Нашарить слепо левой рукой пачку. Большим пальцем «отодвинуть» крышку, указательным — провести по ряду сигарет, прикидывая приблизительно, сколько осталось. Больше половины — это плюс. Зажигалки нет — это минус. Куда запихал?
Все так же одной рукой достать сигарету, похлопать себя по карманам пиджака, пожевывая фильтр — то, чему научила чери. Чирк-чирк — по железной шестеренке. Знаете ли вы, леди и джентльмены, характерное отличие заядлого курильщика? Первый прикрывает ладонью сигарету в любом случае и состоянии.
От «чирк-чирк» не последовало предполагаемого тепла. Не обожгло фаланги, контрольный вдох не пустил в легкие дым, только обоняние уловило запах газа.
— Знаешь, Кихот, есть одна интересная история, почти под стать нам. — Гельх резко выдернул сигарету изо рта. — Представь: звук шарманки, лес, с воющей совой, и палача, сидящего на пне, ужинающего хлебом со шпротами.
Голос каждым словом перестраивался с наждачного, «черноземного» и режущего слух, на концертный — хриплый, с паузами, на пол тона ниже гельховского и еще четверть — Джилли. Этот голос оцифровывался временем и слушателям. Еще тройной виват хлороформу.
Шварц подвинул, на деле — толкнул сильнее, чем нужно было, к собеседнику чистую салфетку. Или уже к слушателю?
Сам Гельх видел в персональной темноте иное: пустой барный зал, прокуренный, да так, что в глотке скребет. Над головой — закопченный прожектор. Лениво протирает мутные стаканы бармен, полусонно глядя перед собой, старая измятая шляпа со сломанными полями лежит на колонке. «Я к микрофону подошел как к образам, нет-нет, сегодня точно к амбразуре».
Спойлер|Закрыть
Не обязательно к прислушиванию:
[audio]http://prostopleer.com/tracks/4937954WvNF[/audio]

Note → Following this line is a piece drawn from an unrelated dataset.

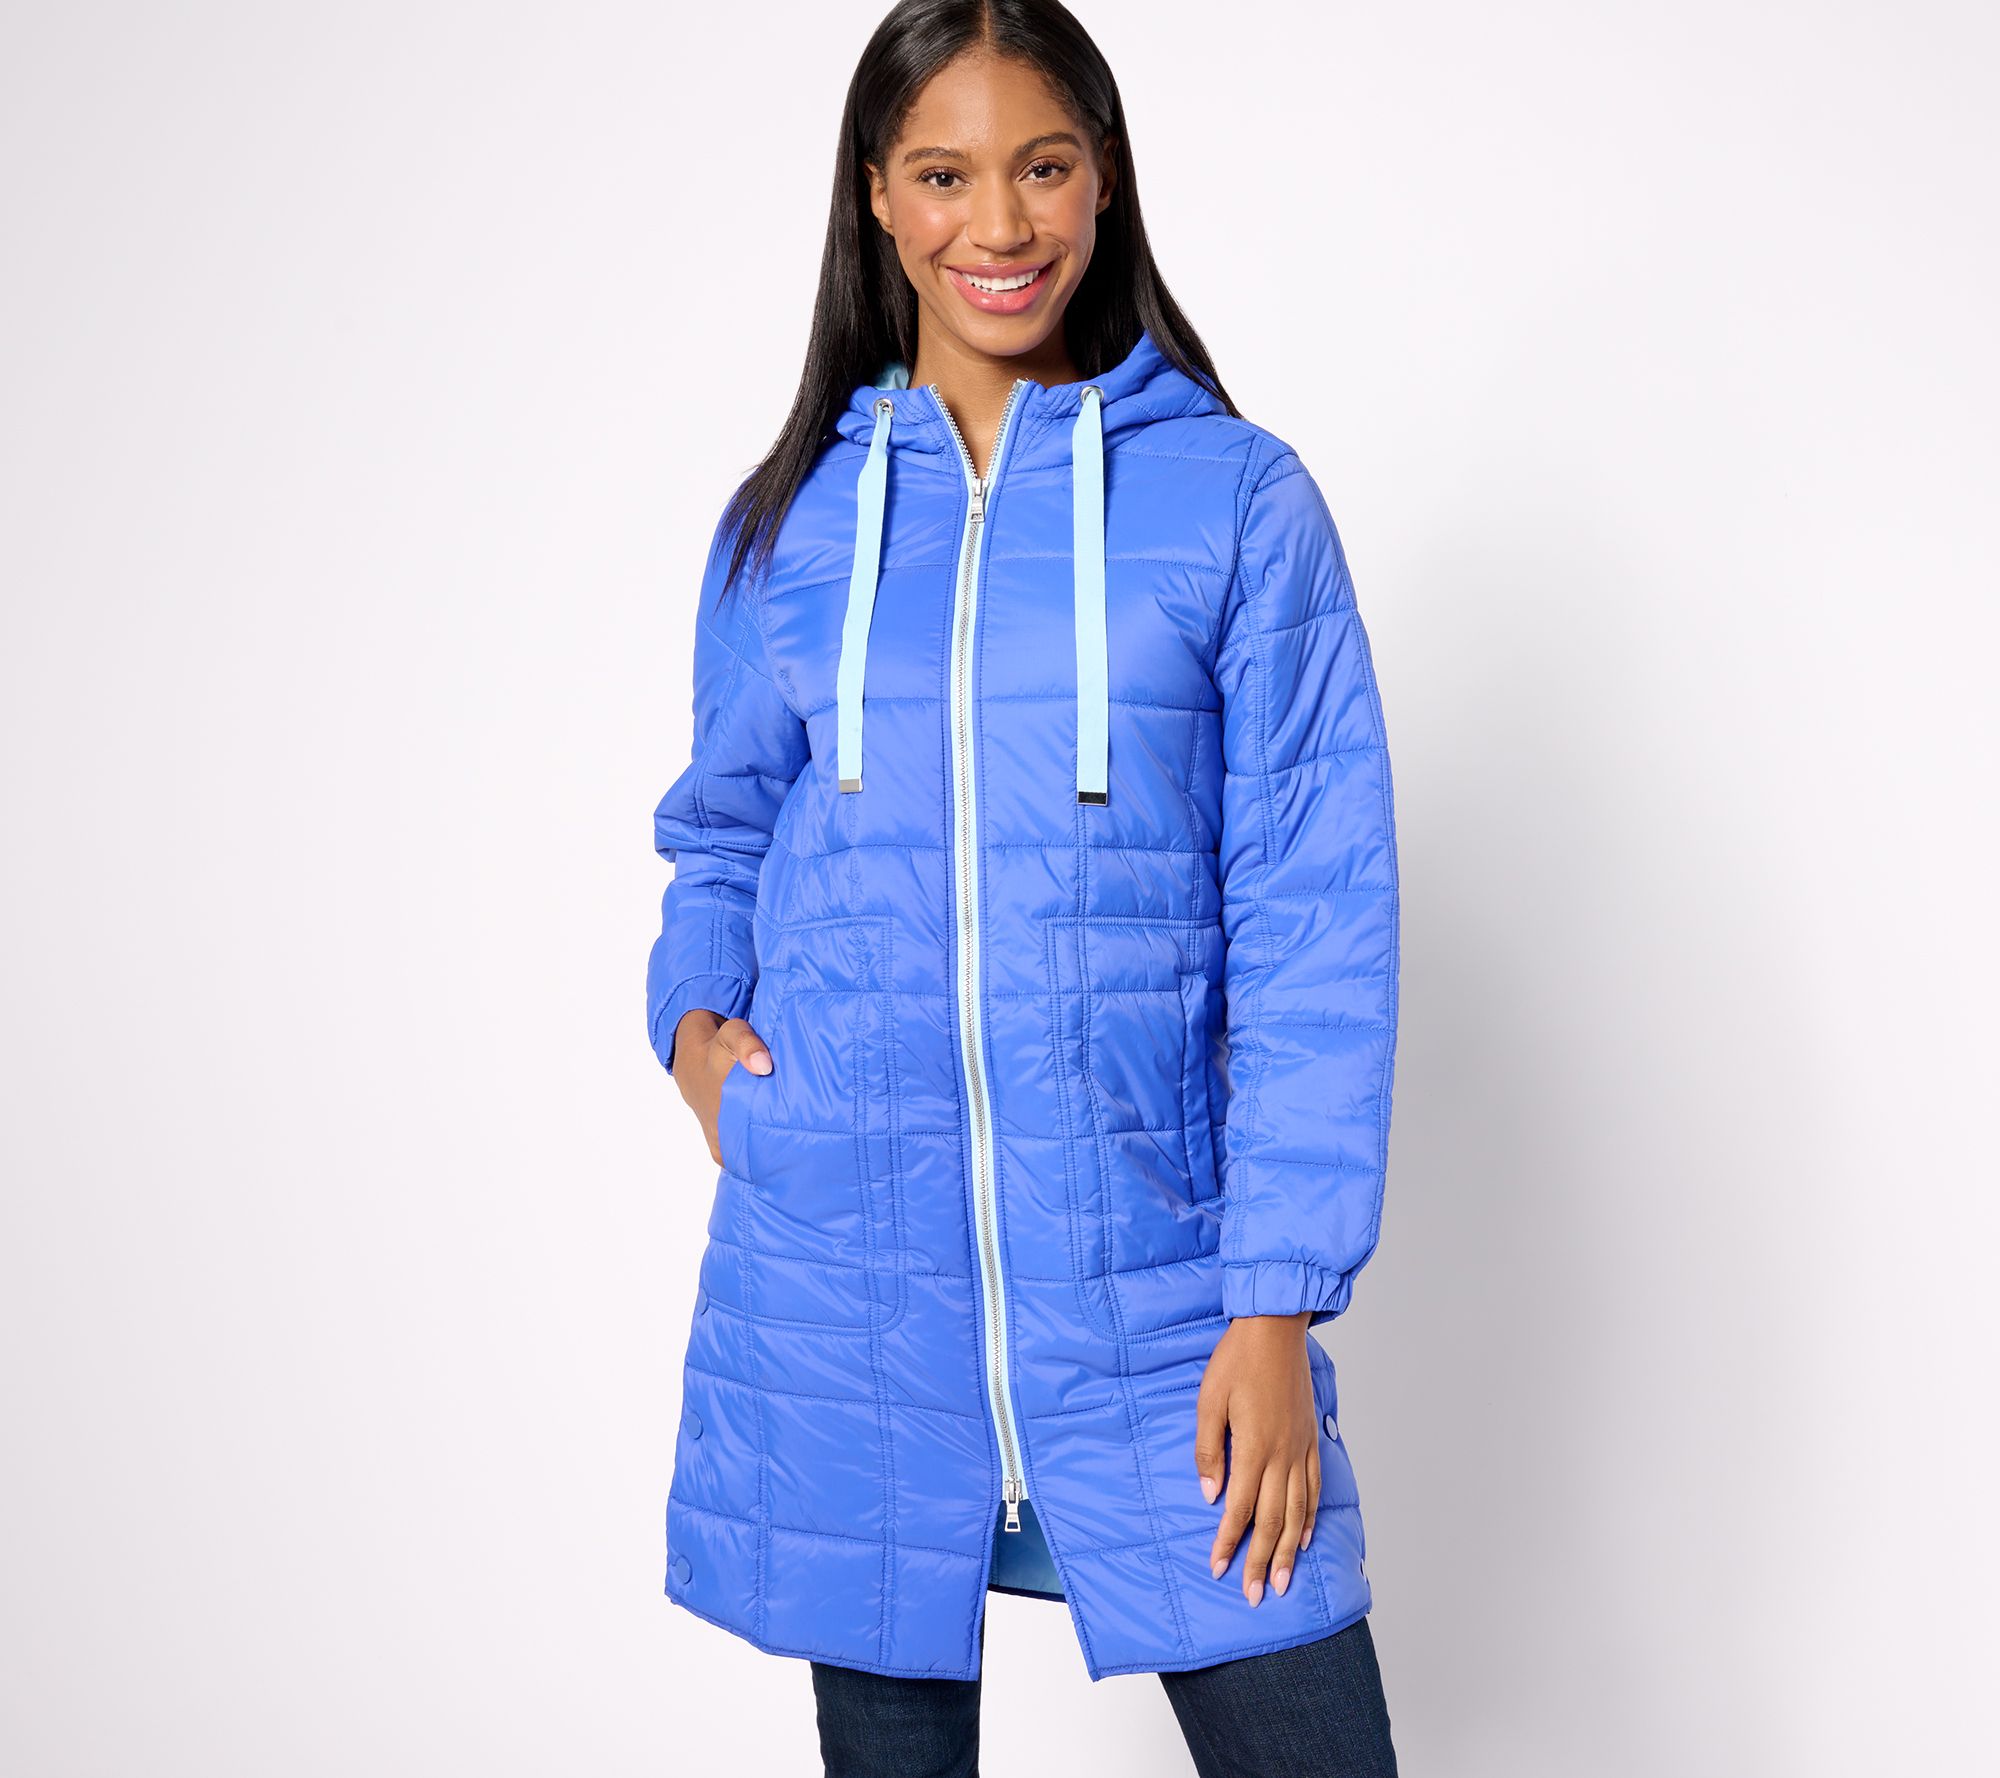 Clothing & Shoes - Jackets & Coats - Lightweight Jackets - Nuage Mix Media  Jacket - Online Shopping for Canadians

— По тропинке вниз скакала отрубленная голова и напевала очень грустную песенку. — Голос почти чистый, без хрипа. Почти. — На ощупь плелся безголовый бедняк искать на кладбище свободное место. Сейчас он всех был несчастнее на свете, хотя ничего ценного не было в той голове. В неприкрытую шею задувал свежий ветер, спотыкаясь, он брел по зеленой свежей траве.
Чирк-чирк. Порывисто выдохнуть табачное облако — на Кихота?
Затянувшись до горечи в горле, до горечи чуть ниже, замерев на долю секунды, ловя момент, выпустил дым вверх и вбок. Помахал рукой, разгоняя ему невидимый дым.
Паузка в две секунды и перестройка.
Здесь должен был быть тромбон и смычок по струнам. И еще — в оригинале голос обрабатывался электроникой, становился потусторонним. За неимением — пришлось говорить утробно и хрипло. С надрывом.
— «Эй, кому так насолил?» — Обратился к нему прохожий. — «Проигрался в кости, а потом горько пил? Ха! И у меня, поверь, был случай схожий», — прищурился и облако дыма пустил. — Повторить за персонажем. — «Я знаю, что делать, со мной пойдем, в моей лавке есть все — и новые головы тоже. Мы там тебе быстро что-нибудь подберем, и красивые есть, но они подороже».
Джилли на фоне хохочет. Костяшки правой руки отстукивают ритм, громче, сильнее, чем стоило бы. До боли.
Совмещать в себе несколько тембров, звучаний, частот — в кайф. Знать, что при тебе всегда есть хотя бы один инструмент — тоже в кайф. Курить на этой сказке-фантазии — трижды в кайф.
Пепел осыпался на джинсы. Уголек отлетел — туда же. Плевать.
Джилли чуть слышно шепчет: скрипа не хватает для антуража. И малой октавы на фортепьяно. Гельх хлопнул его по плечу. Точно, безумец.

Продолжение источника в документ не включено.